Not free as in speech, mind you, or even free as in beer. I had broken through the illusion of self and found it to be as ephemeral as spiderweb lingerie. Once I realized that I was no more and no less than a diamond cog in a manufacturing plant for light, once I had found my physical body and mental ego to be emergent properties of ultimate consciousness, I was in free-fall and had nowhere to be.
I phoned my parents and told them I was going to the beach. They were surprised, especially because I hadn’t been known to even get out of bed at that hour of the morning, much less travel three hours on a mountain road. I didn’t mind. Their confusion would arise and pass, as eventually they would construct a mental model to explain my behavior. Consequences, should there be any attached, were inextricably linked as the future to the past and were therefore already suffered and transcended. Parental restrictions, in fact all of society’s norms and regulations, were like the plastic elf house: open the door, look out the window, play the game of custom and habit, but at any moment shrug! And the whole structure sloughs off.
I knew, too, that the game Casey would want to play after our drive – colloquially known as “let’s get high, look, I bet that guy’s got a hook up,” was equally mundane and superfluous. I had no idea, when I first tongued that sucrose prism, that it was the high to end all highs. In fact, in later months I would even lose the illusion that LSD was the philosopher’s stone. It may have been the trigger on the gun that blew my mind, but the bullet was pure meditation. When I sat down that July dawn, with nothing to do, I stumbled upon the way to do No-thing.

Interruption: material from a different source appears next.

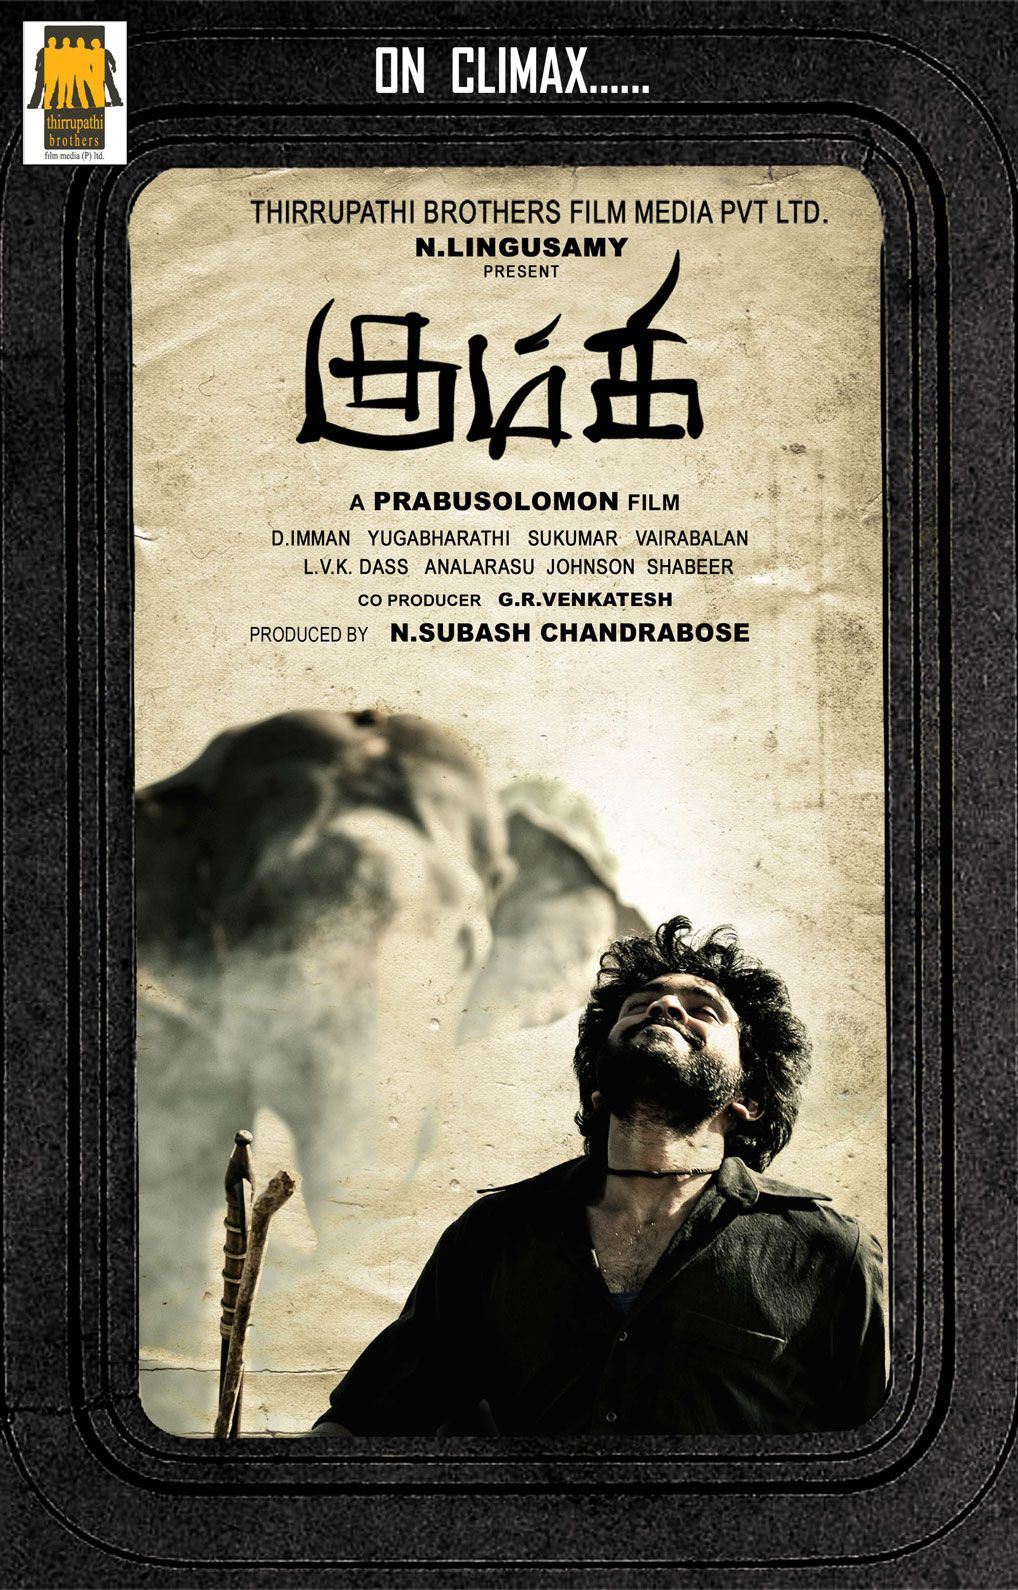 Kumki tamil film songs mp3 free download.
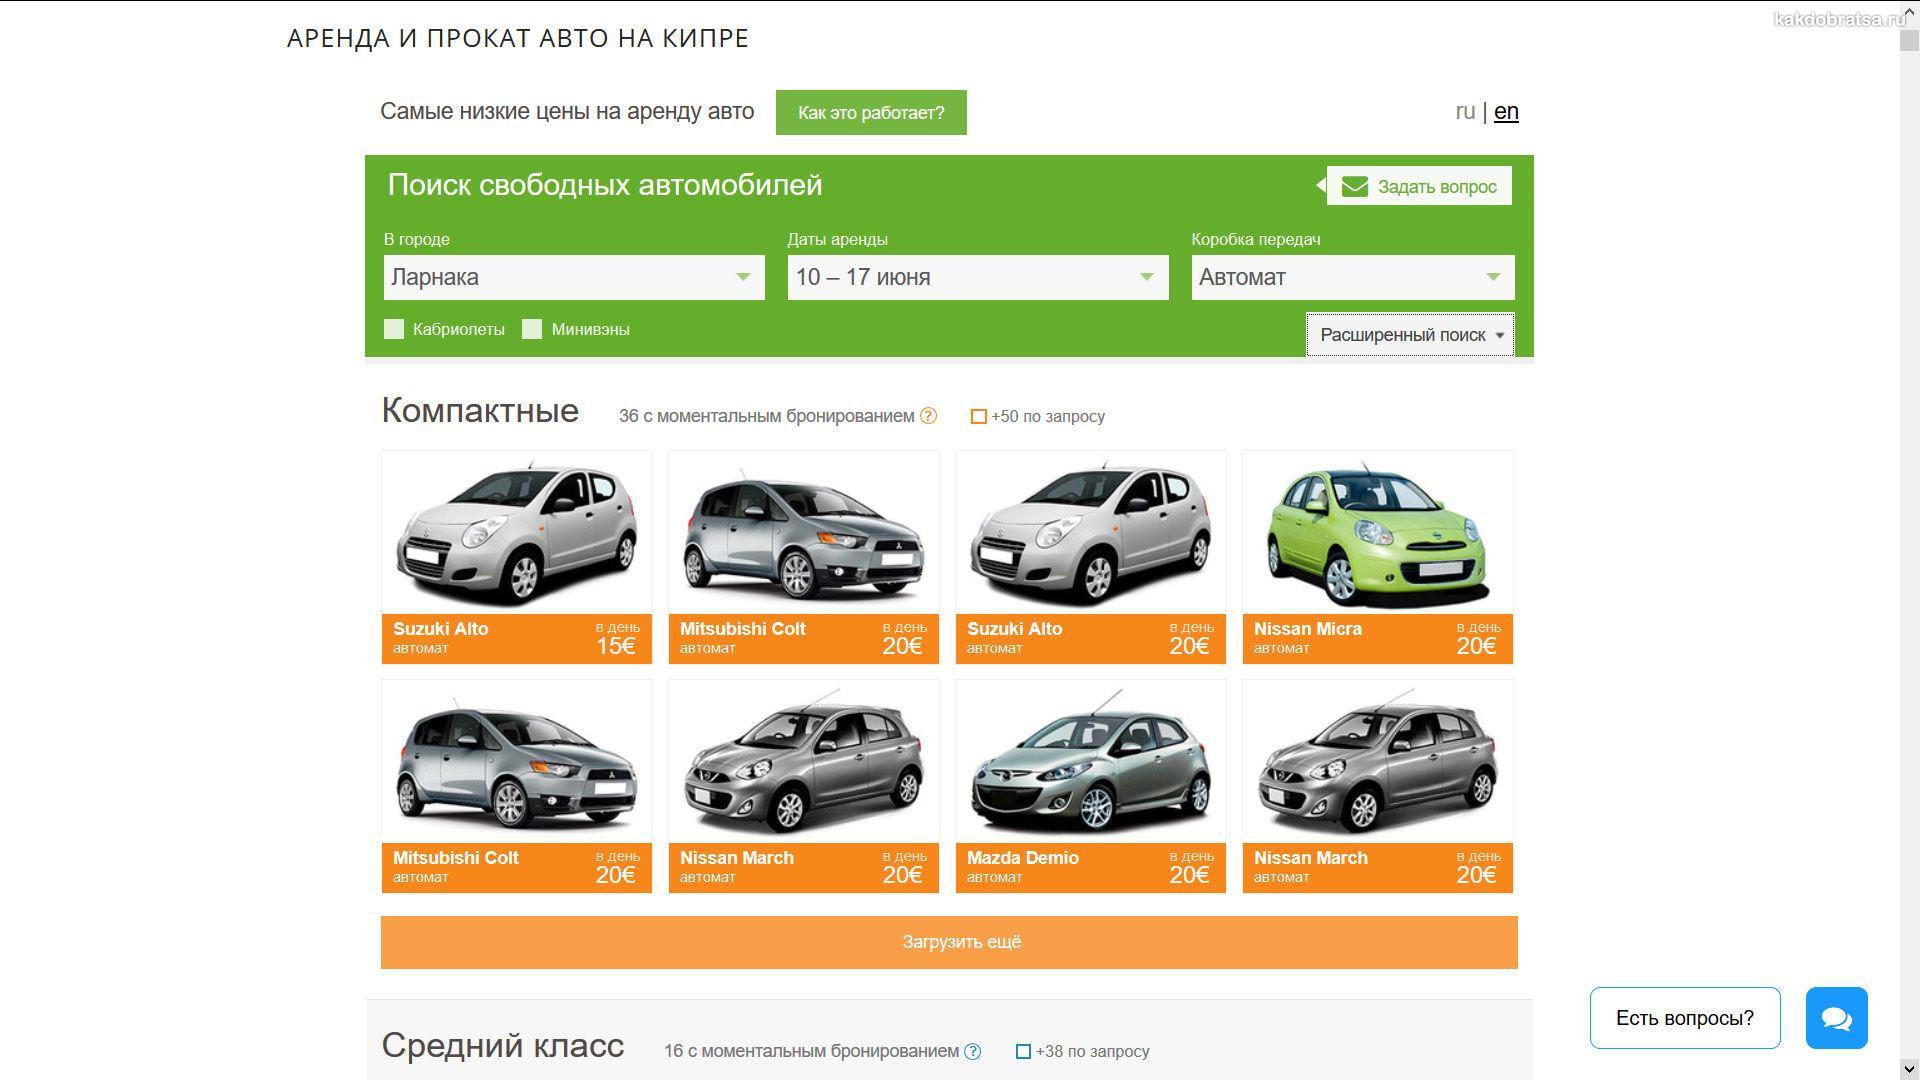 Недорогая аренда авто на Кипре без залога

I would later have to leave Casey, after many attempts to open his eyes found me drained and dull. I found new friends and new paths, new games to play, but I play differently now. Whenever I get too serious, whenever my mouth purses and my head aches, when the weight of the elf house sits too heavily upon my brow, the Mad Monk returns to me with a laugh of delight and a joke or a rhyme: Forget! Now sit! Don’t worry about it!